◆ What the exercise asks
In the entries below, find the line with "公网使用SSH远程登录macOS服务器的方法是什么" and the line with "Marnat | Chaussures". Repeat exactly everything between them, those two lines included, but not the pictures.

Records for this exercise: Begin

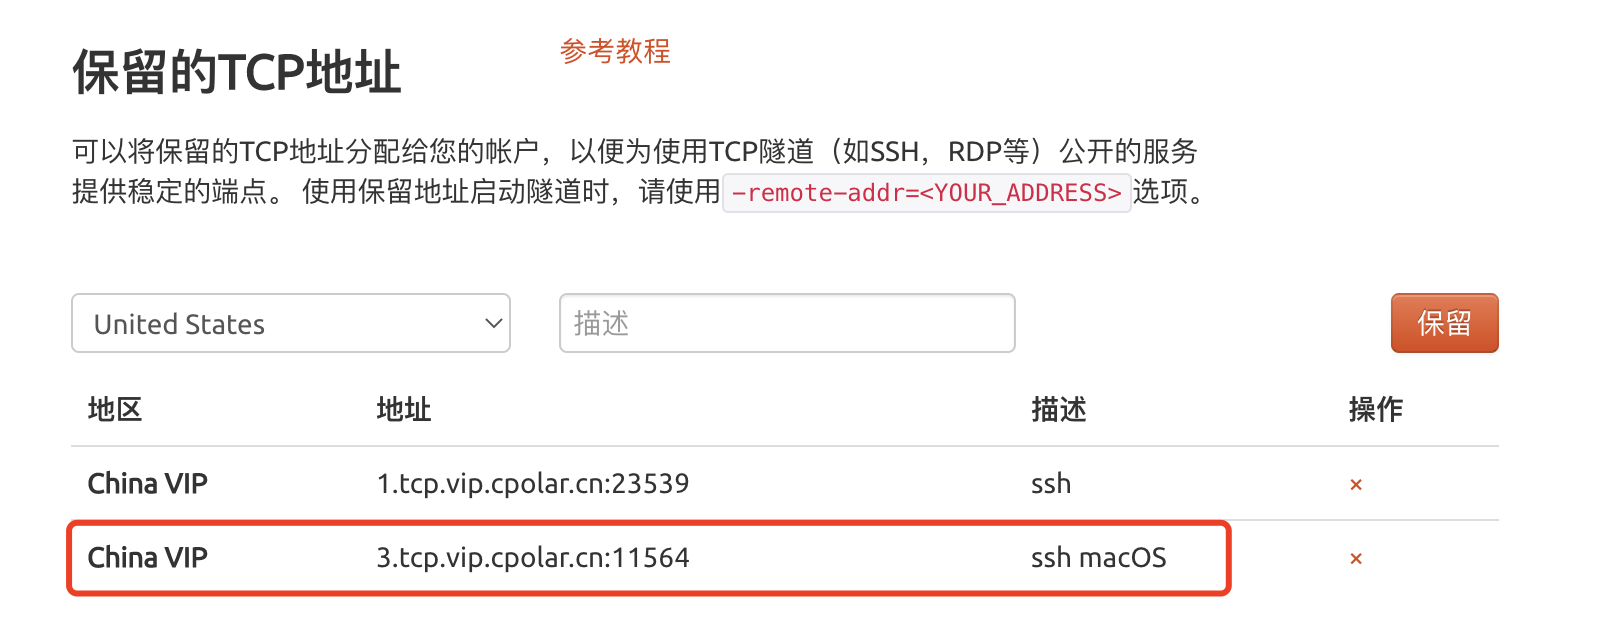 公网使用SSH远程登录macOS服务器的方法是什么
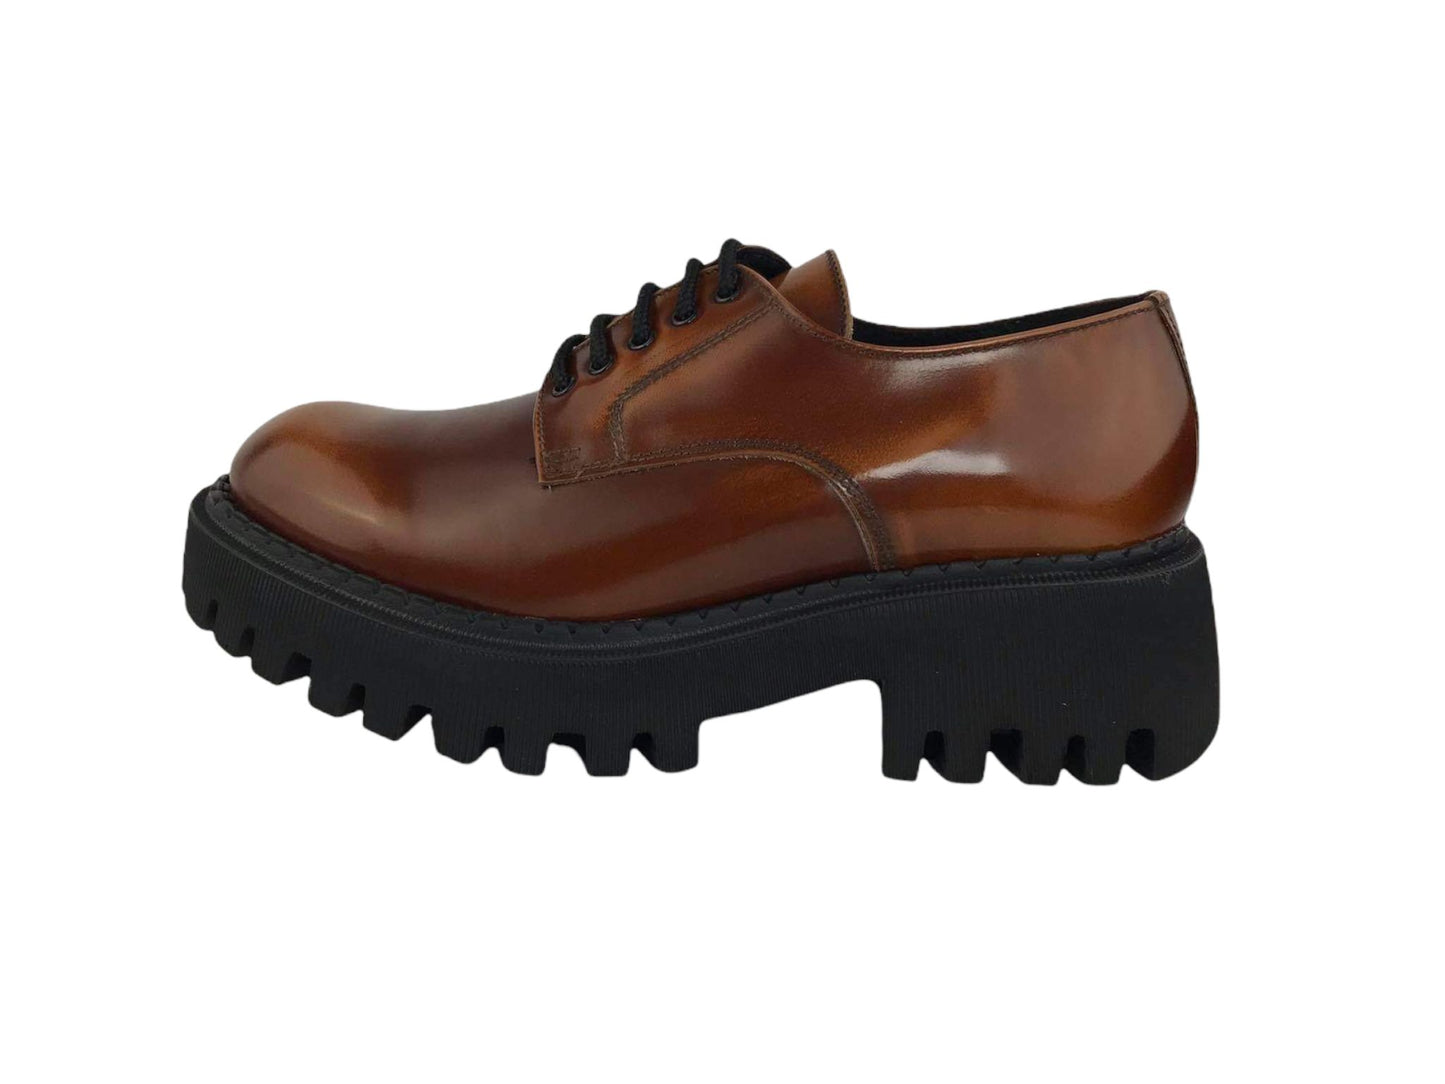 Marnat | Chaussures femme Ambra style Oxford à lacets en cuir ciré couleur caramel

Records for this exercise: End
Records for this exercise: Begin

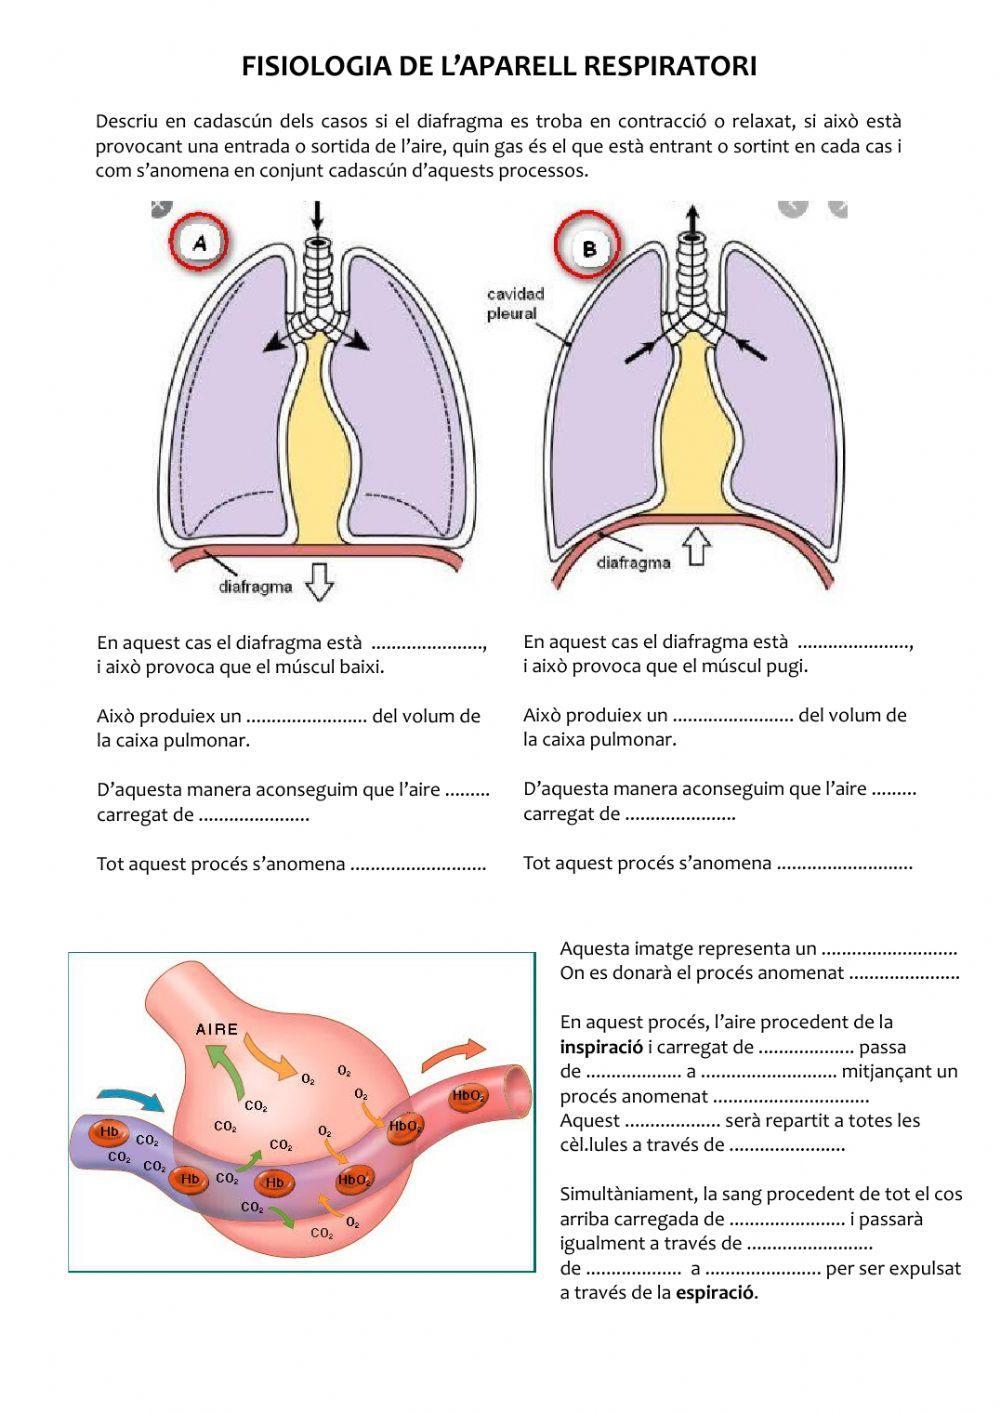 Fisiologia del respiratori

Records for this exercise: End
Records for this exercise: Begin

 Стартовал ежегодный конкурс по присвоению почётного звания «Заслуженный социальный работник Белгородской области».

Records for this exercise: End

◆ Written answer
 公网使用SSH远程登录macOS服务器的方法是什么
 Marnat | Chaussures femme Ambra style Oxford à lacets en cuir ciré couleur caramel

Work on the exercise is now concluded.